Example 1: Taking care to write clear, measurable learning objectives for each lesson in each of our courses, and then making those clear to students, will reduce load in a number of different ways. For students, the learning objectives constitute both a to-do list and a not-to-do list. The learning objectives put productive constraints around the learning environment to keep students from straying off into territory that will suck away their energies and time. They give students the answer to the question, Why is this relevant? and thereby build motivation. And for us, learning objectives do much the same thing. If we align class preparation and assessments with a clear line-of-sight to the learning objectives, it will be a hedge against us making exams that are unfocused and too long, activities that don't lead anywhere, etc. They are, ultimately, workload-reducers that focus energy on the right things. And all of us can start this right away — for your next class, write down that list and send it to your students.

Example 2: I also mentioned mid-semester evaluations above. Good communication is two-way. It's the middle of the semester (or almost) for a lot of faculty right now. Make up a short informal survey and give it to your students, explaining that as we enter the second half of the term, like a good sports team we want to make productive halftime adjustments; and explain that you want to do this from the students' point of view, so you need their input. These mid-semester surveys do three things to lighten the actual load on students. First, they gather valuable intel for you, to surface potential issues that you can then address, and once addressed, a pain point for at least some students has been relieved. Second, they open the door for one-on-one communication with students; if you let students give their names, you can follow up with them, and personal communication is a great emotional load-reducer. Third, maybe most importantly, they communicate to students that they are seen and heard. It's difficult to overstate the relief that this conveys.

Example 3: One of the sources of "workload" I identified in an earlier post was a lack of experience with managing work itself, and this is not the students' fault, because nobody has ever taught them how to do it. This is an opening, a "market" if you will, for high-quality communication — simply being clear to students about how much time to spend on things, and when and how to spend it. I started doing this a few years ago with an upper-level class, by giving them a weekly suggested schedule for work that sets aside 90 minutes a weekday (appropriate for a 3-credit course) broken into three 30-minute sprints. This is what it looks like for my current Modern Algebra class:

(Direct link here) Not every student chooses to follow this, but some do, and it's the first time anybody ever suggested that 90 minutes a day in three 30-minute bursts is a good way to work on a class — as opposed to waiting until Saturday to do anything and then doing a 6-8 hour slog (only the first 1-2 of which are productive). I think it communicates in a concrete way that I respect their time, care a little about their well-being, and want them to succeed. It also helps that I also organize my work on their course in exactly the same way – 90 minutes every morning, cut up into three pomodoros. So this is not only good communication, it also addresses the other problem with "workload" (lack of training and experience in managing complex commitments) in a head-on way.

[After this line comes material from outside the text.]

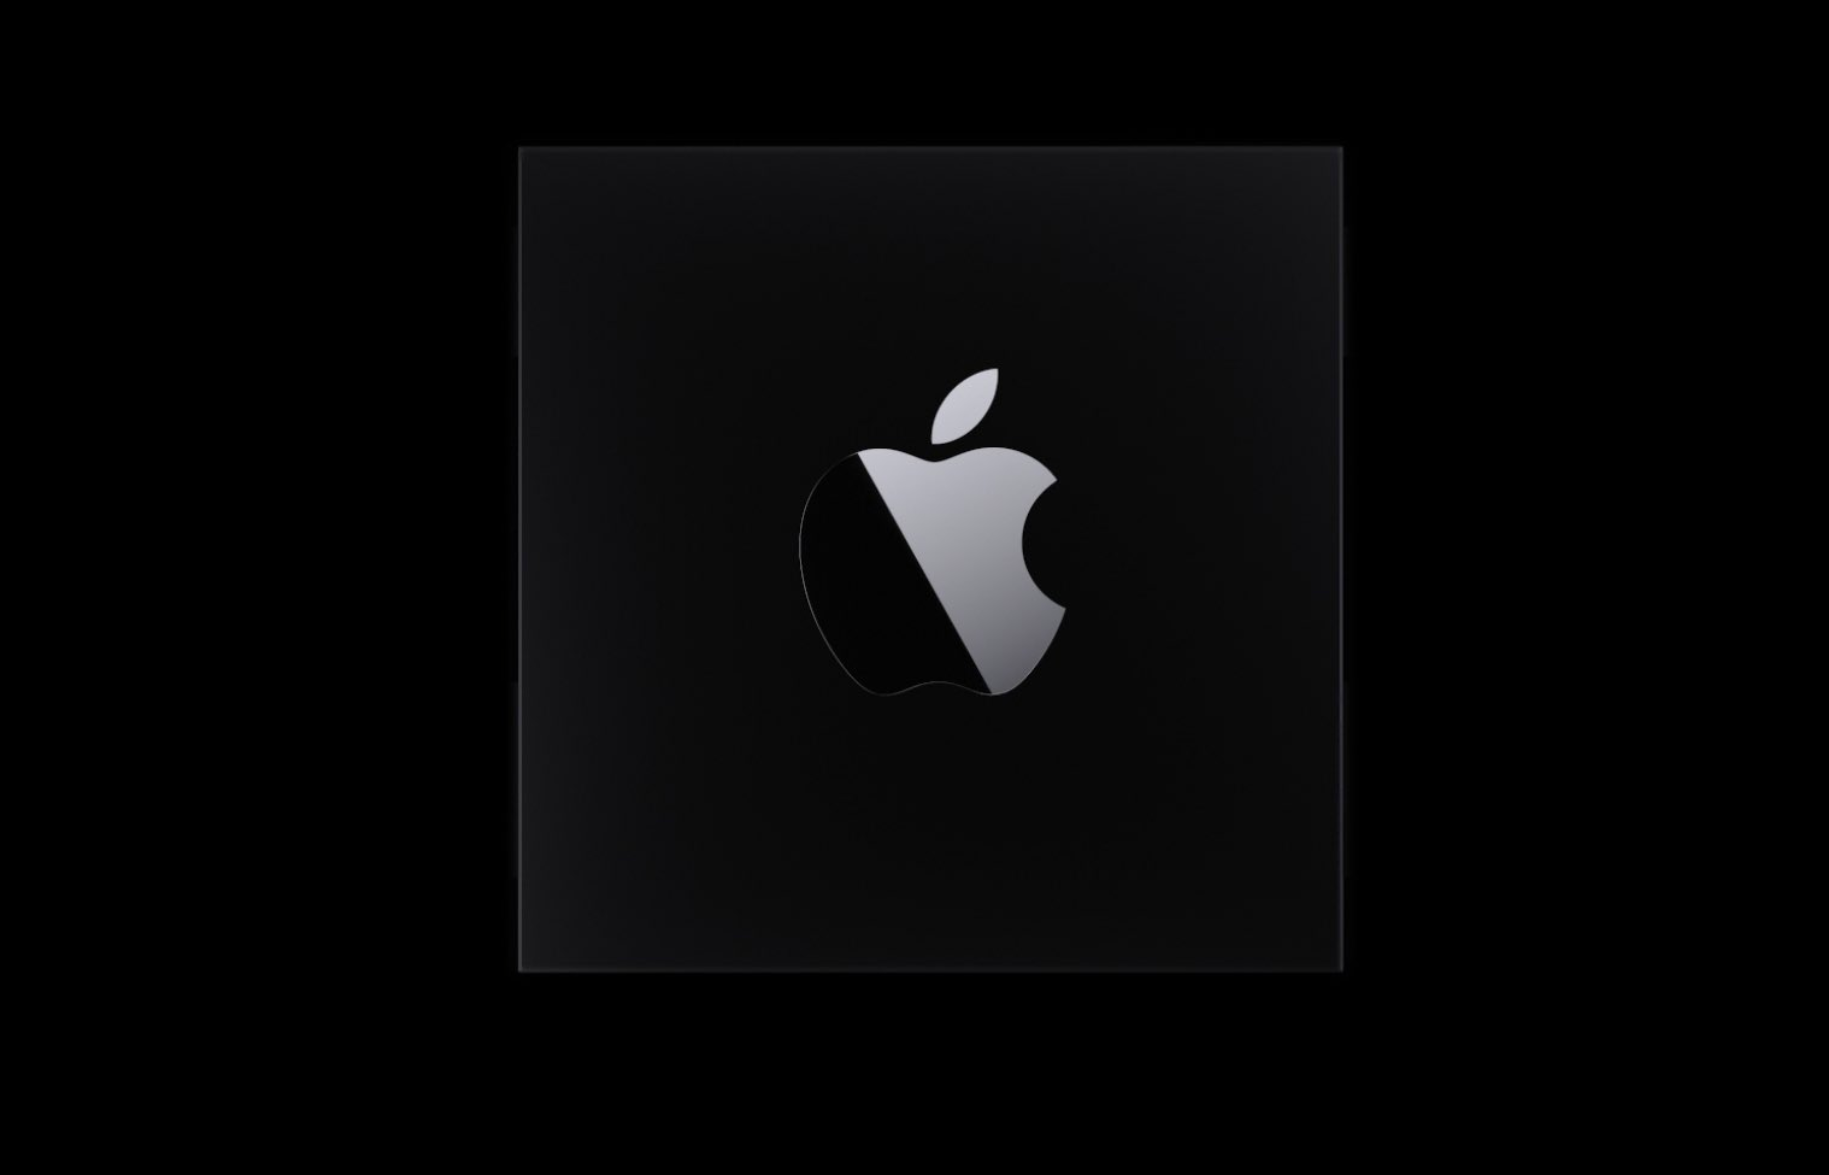 Apple đang chuyển đổi các máy tính Mac sang chip chính hãng, bắt đầu từ  cuối năm 2020 - Blogs các sản phẩm công nghệ

Above all, the biggest step we can make in better communication with students is to adopt the mindset that students are people with whom we can and should communicate in the first place. It's so easy to objectify students and lump them all into the category of "other". Much of the complaining I see on the internet veers into this territory, and I think being online makes this harder to avoid. But if you change your viewpoint and see students as collaborators with whom you are working to co-create something of equal value to all of us, then communication not only becomes easier, it becomes more urgent, and more effective in helping students carry their loads.